Когда меня привезли домой после неудачной эвакуации в самом начале июля 1941 г., я долго болела и не могла выходить из дома, пока не заросли «мои боевые раны». А когда стало можно выходить, город показался мне странным и чужим, и я ничего не понимала, что произошло. Окна во всех домах были заклеены крест-накрест бумажными полосками. Всюду эти кресты, кресты… кресты… На улицах, и особенно у Нарвских ворот, стояло множество каменных пирамид и железных «ежей». Некоторые улицы перерыты… Гуляя с соседкой Зоей по окрестностям, мы видели много странного и непонятного. Мы видели зенитки, которые почему-то называли «хлопушками». Видели на крышах звукоулавливатели, похожие на уличные репродукторы, только с изогнутой узкой частью, как у граммофона, и вертелись они в разные стороны и по кругу. Они ловили звуки приближающихся немецких самолетов. Похожи они были на четырехглавых чудищ. Кругом много военных и женщин с лопатами и противогазами. Часто у длинных черных репродукторов собираются люди и слушают сводки с фронтов. Но больше всего меня поражали аэростаты – огромные, серые, они словно плыли по улицам и занимали собой много места. Каждый такой аэростат несли люди…

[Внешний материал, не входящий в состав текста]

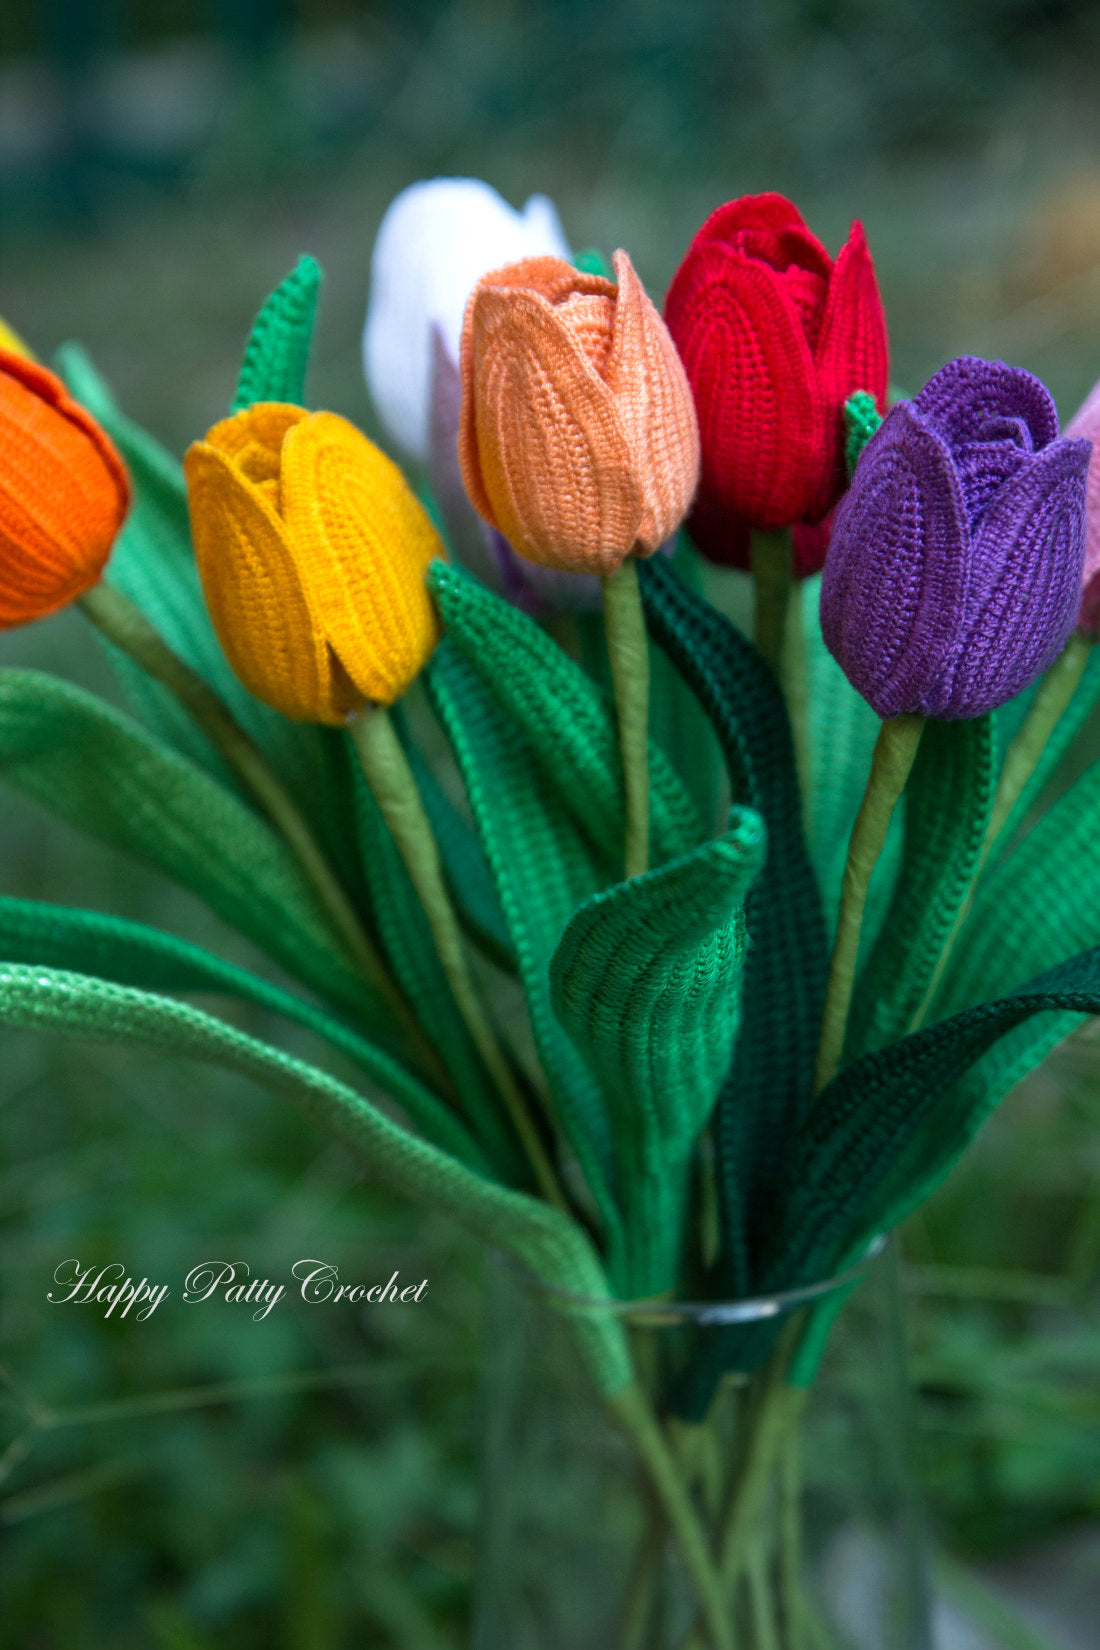 Tulips DONATIONWARE crochet pattern

Вечером город погружался в темноту. Все соблюдали светомаскировку. Поздно ходить не разрешали. Когда начались обстрелы и налеты, все равно было очень страшно, хотя я уже прошла через такое… К страху привыкнуть невозможно… Когда объявляли тревогу, первое время соседка – бабушка Даниловна – хватала нас с Зойкой за руки, совала нам в руки узелки с едой и тащила нас в бомбоубежище. Мы бежали, подгоняемые воем сирены, оповещавшей о налете или обстреле. Мне казалось, что этот противный вой накручивает на себя все мои внутренности и вытягивает их из меня, оставляя внутри острую боль. Когда на Турбинке от прямого попадания рухнул дом и завалил бомбоубежище и мы увидели, как из-под руин вытаскивали мертвых и искалеченных людей, мы перестали ходить в бомбоубежище. Бабушка сказала, что дом наш маленький и фриц его с неба не разглядит, а потому и «бонбу» на него не сбросит, а если «бонба» и попадет в наш дом, то нас завалит не пять этажей, а только два, и что она лучше будет умирать у себя дома…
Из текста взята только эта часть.